### THE TASK
Write out, exactly and only, the lines that run from the top of the records to the line with "Qaus - Tables de massage - Mobicoiff". Include both ends; exclude pictures.

------ RECORD SET ------

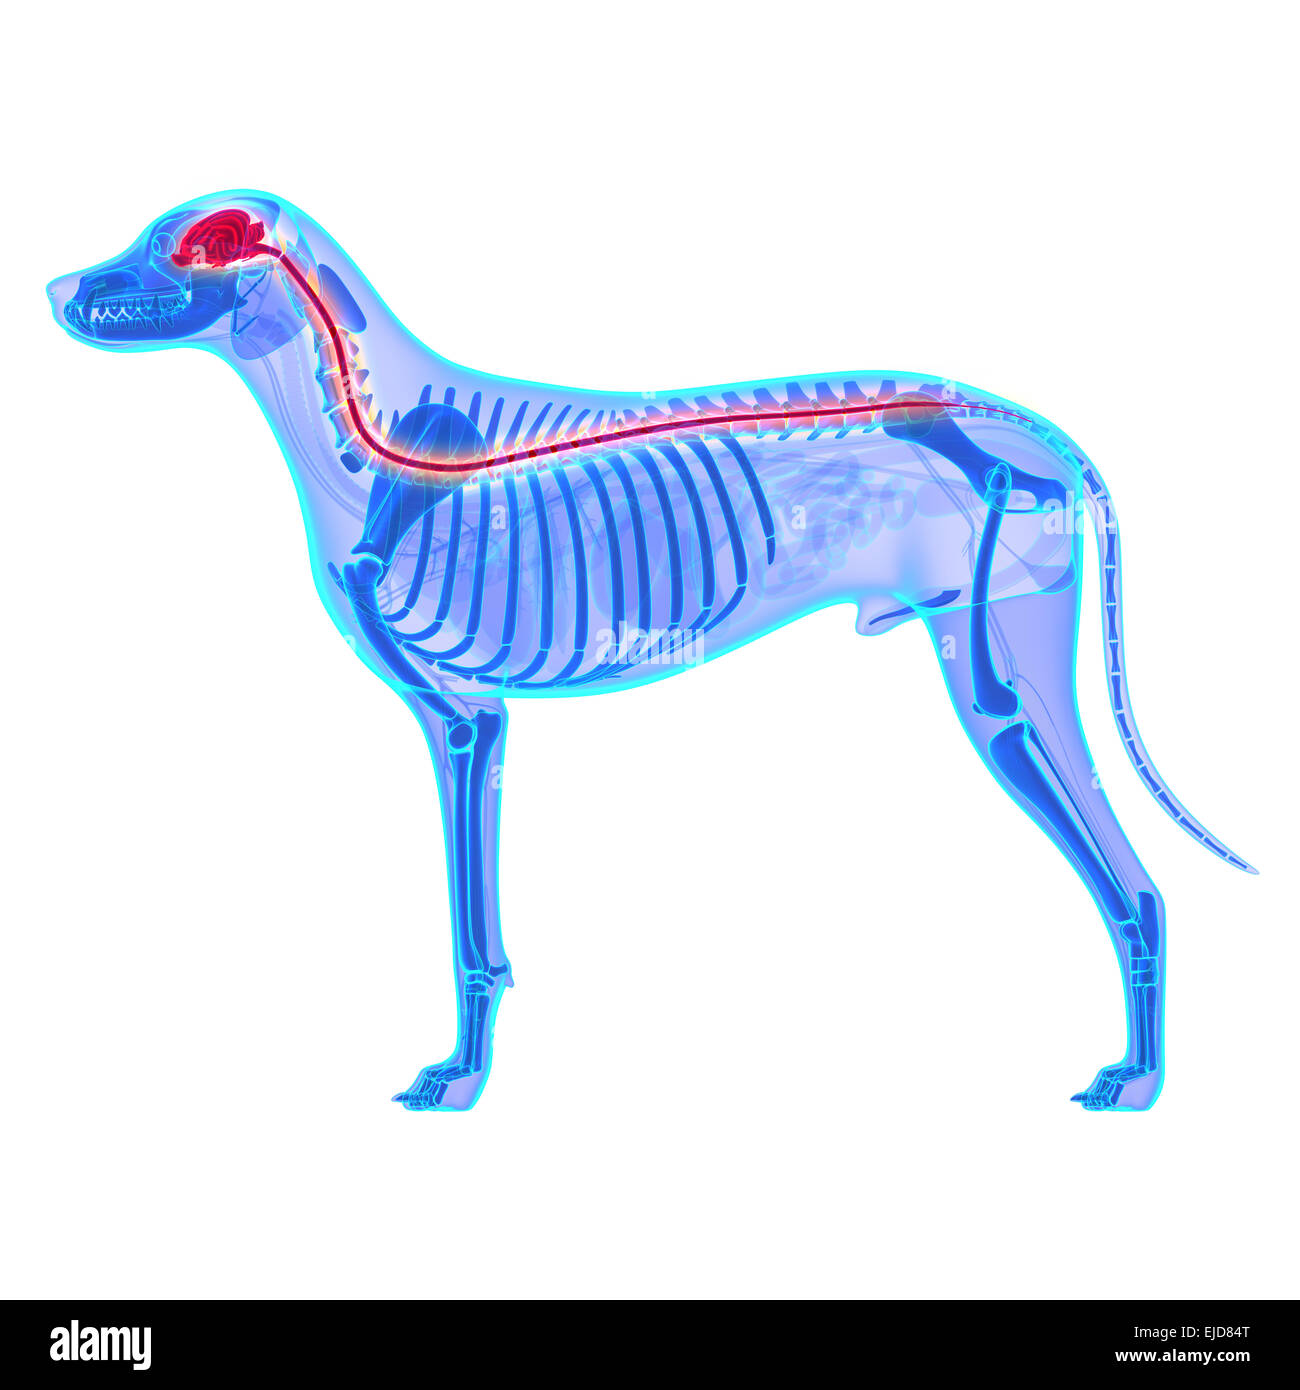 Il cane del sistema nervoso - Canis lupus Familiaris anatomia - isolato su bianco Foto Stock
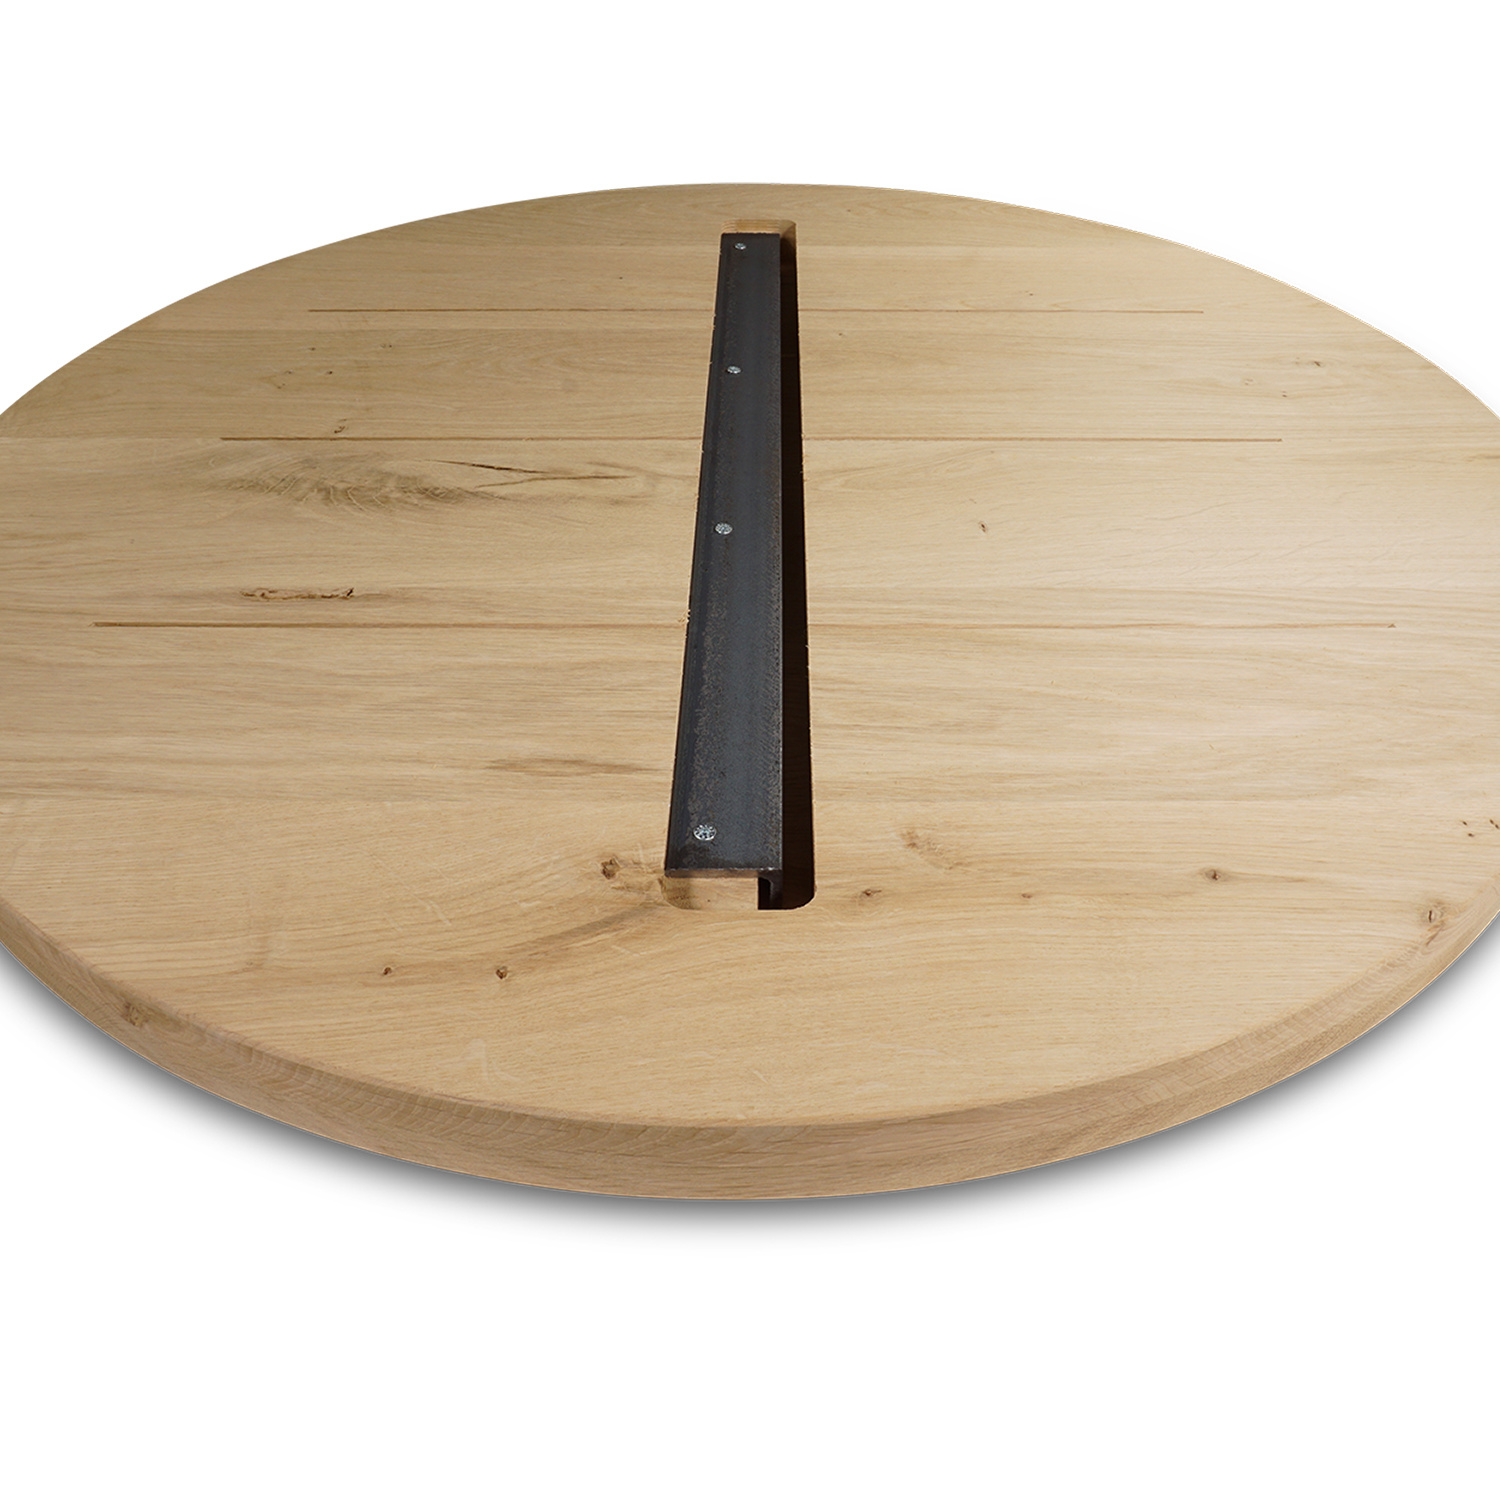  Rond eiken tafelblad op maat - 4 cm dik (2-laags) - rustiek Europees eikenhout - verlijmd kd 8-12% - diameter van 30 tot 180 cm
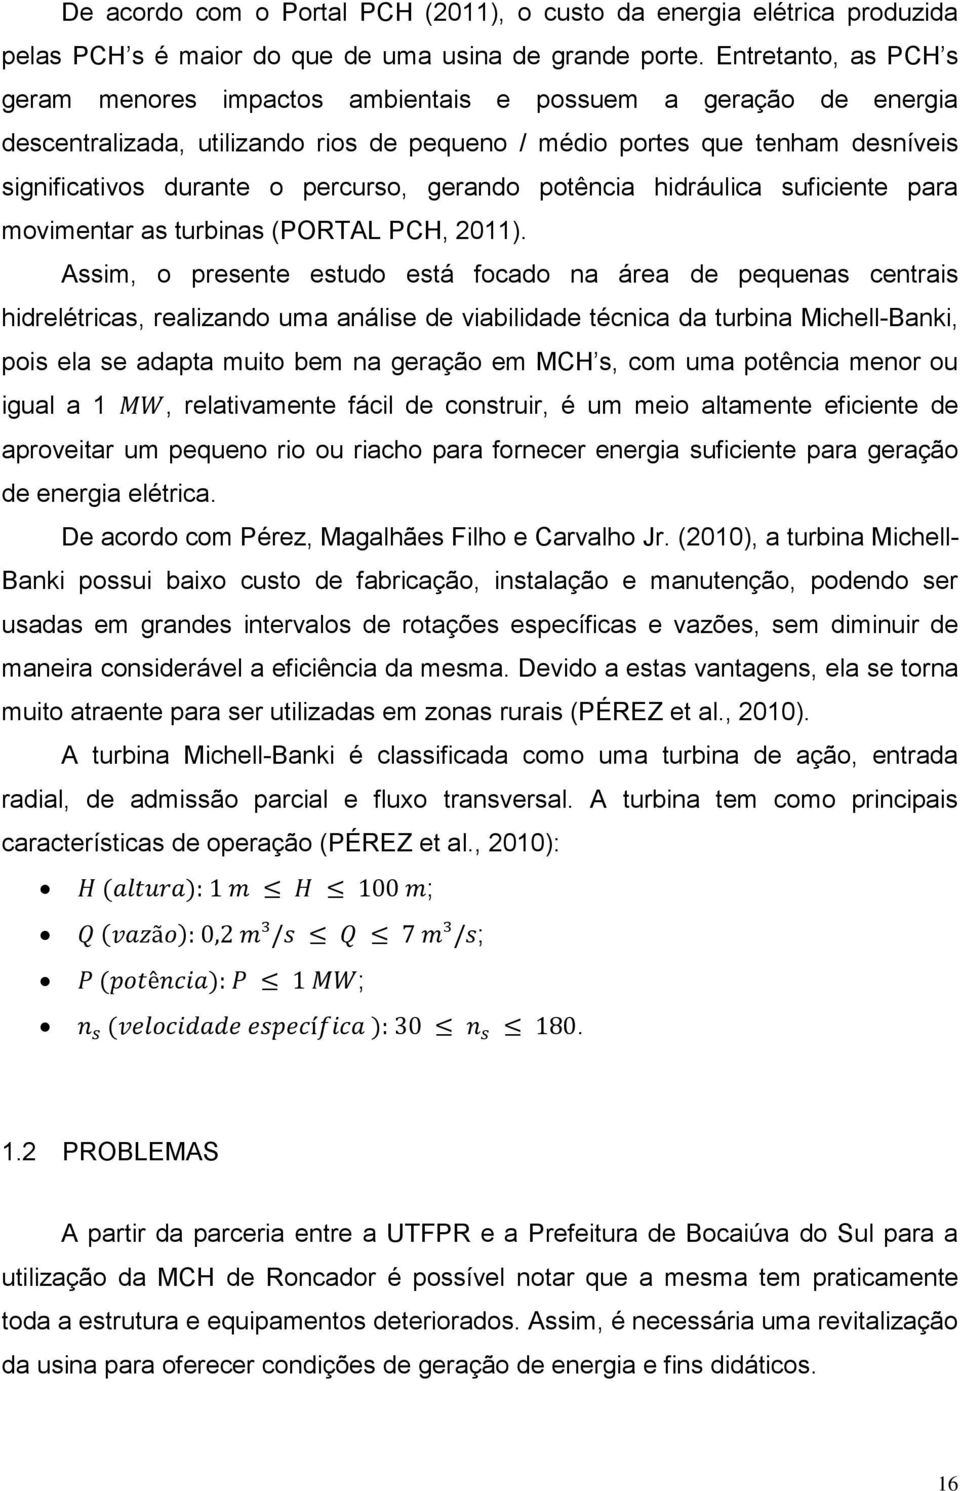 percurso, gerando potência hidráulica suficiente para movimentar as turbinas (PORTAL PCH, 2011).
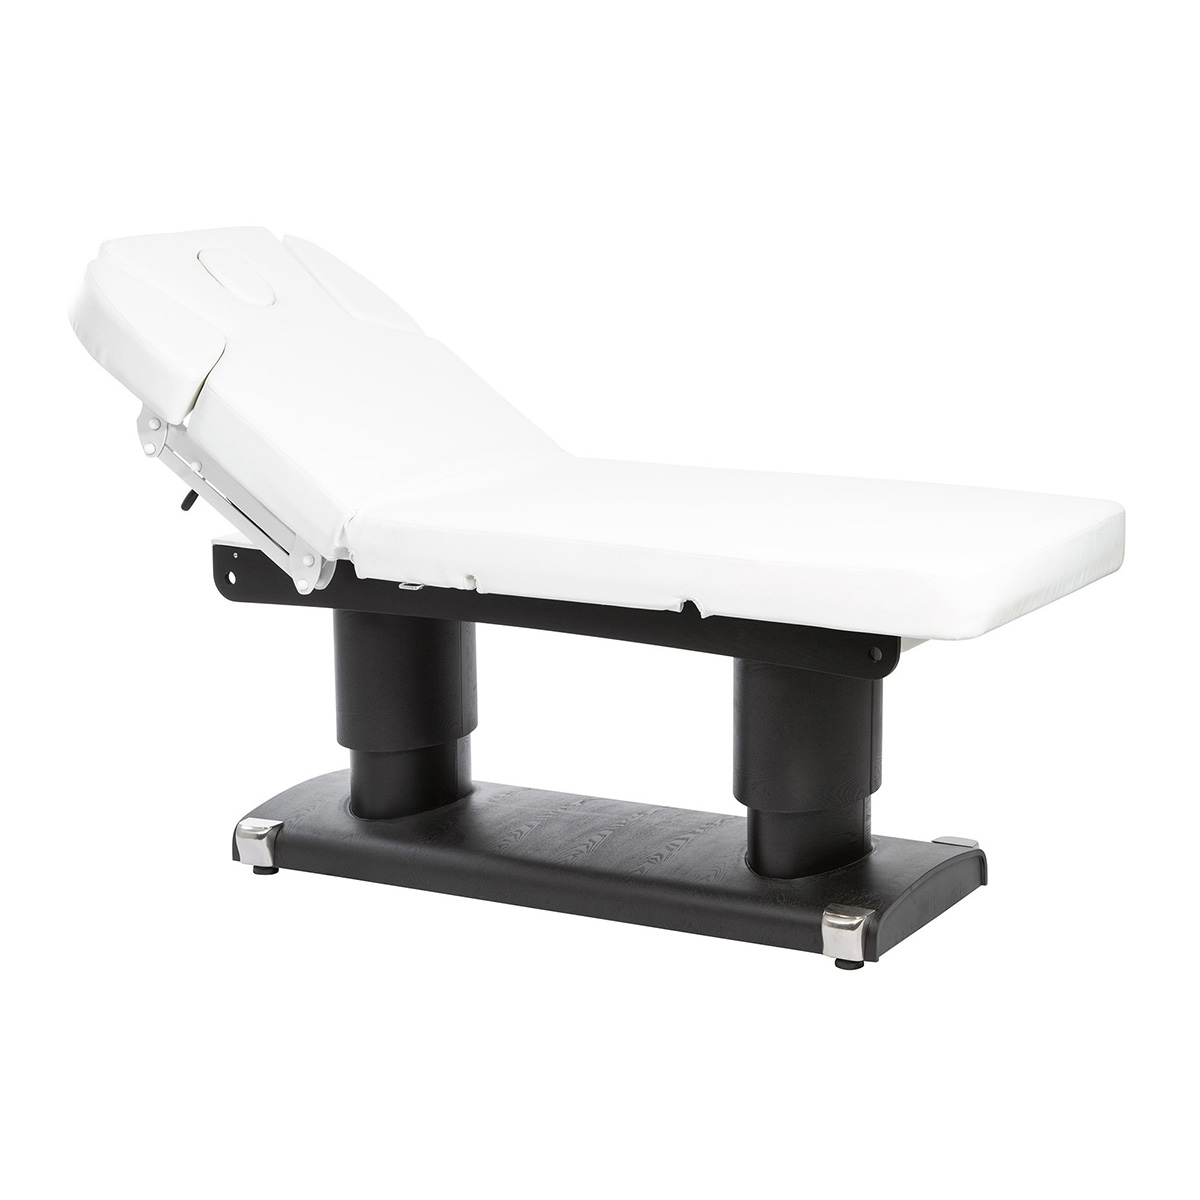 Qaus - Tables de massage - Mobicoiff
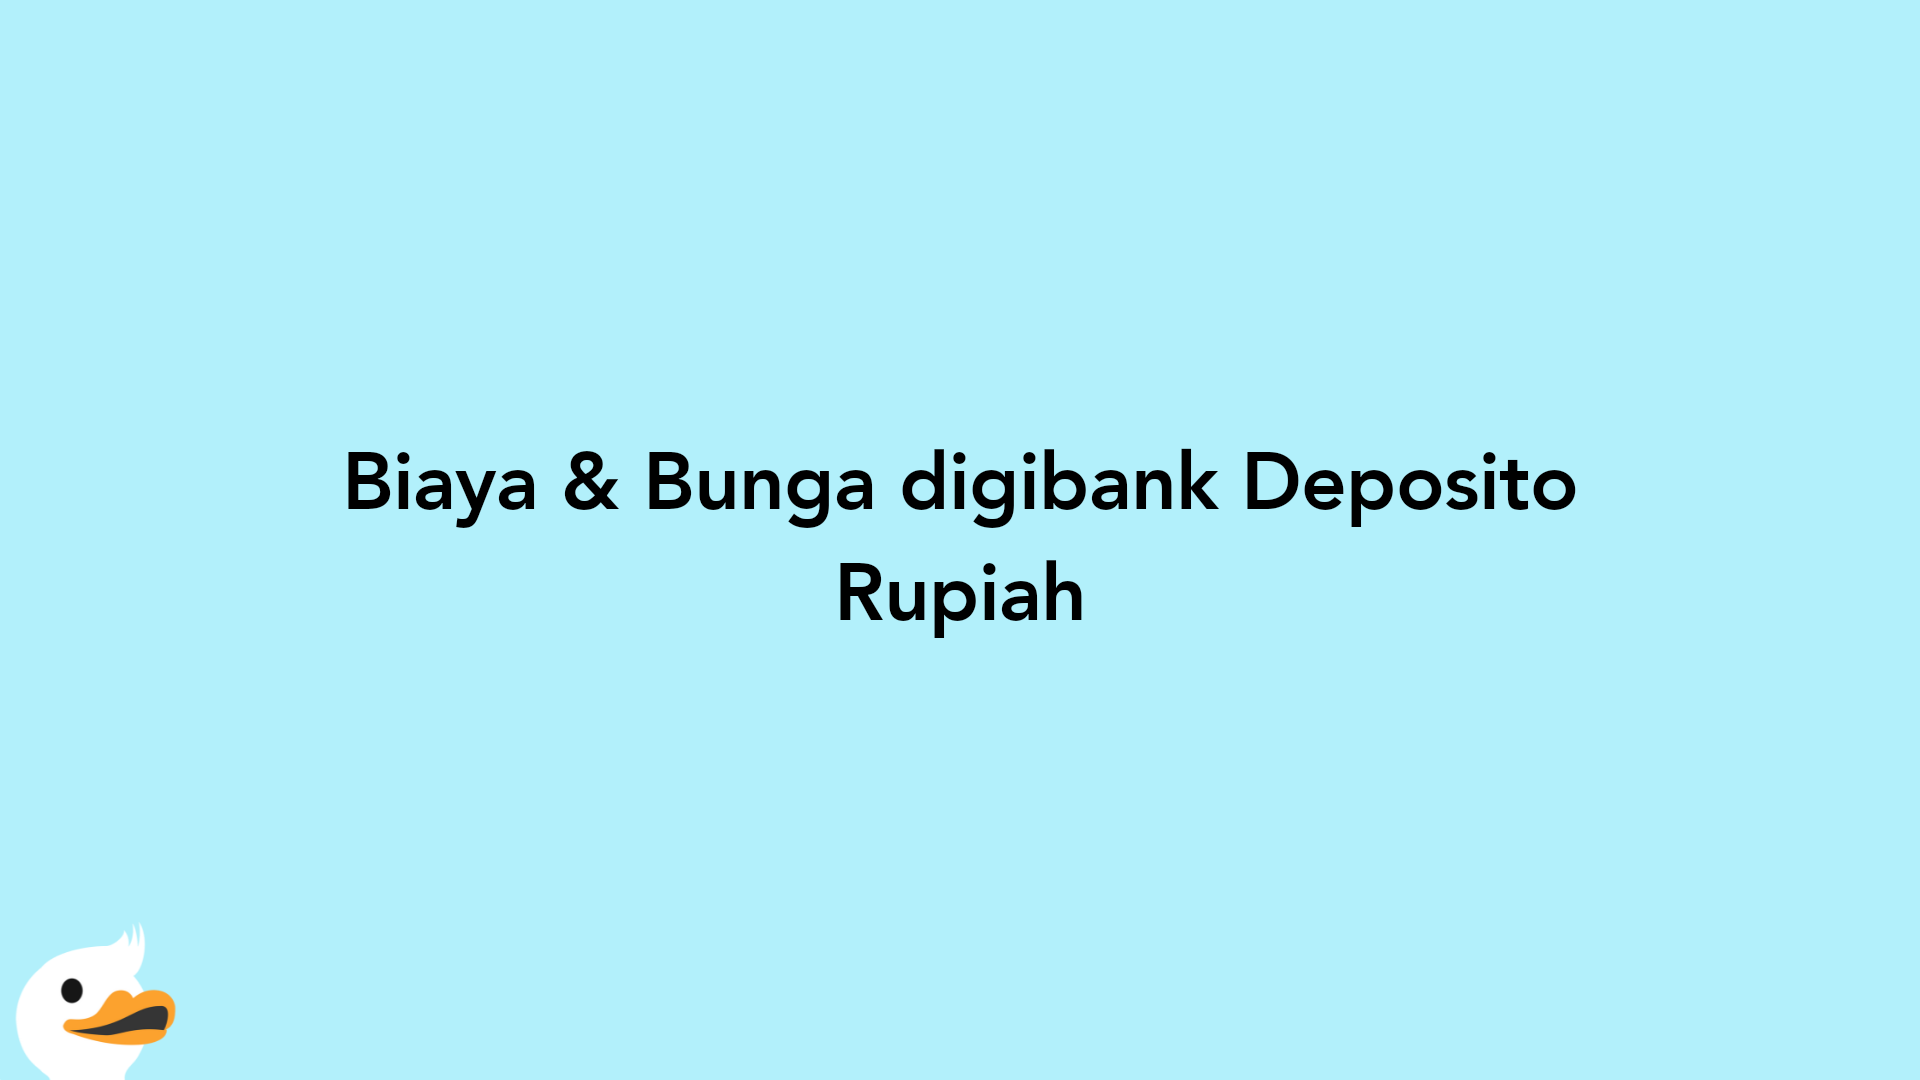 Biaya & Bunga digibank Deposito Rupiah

------

### ANSWER SPACE
 Il cane del sistema nervoso - Canis lupus Familiaris anatomia - isolato su bianco Foto Stock
  Rond eiken tafelblad op maat - 4 cm dik (2-laags) - rustiek Europees eikenhout - verlijmd kd 8-12% - diameter van 30 tot 180 cm
 percurso, gerando potência hidráulica suficiente para movimentar as turbinas (PORTAL PCH, 2011).
 Qaus - Tables de massage - Mobicoiff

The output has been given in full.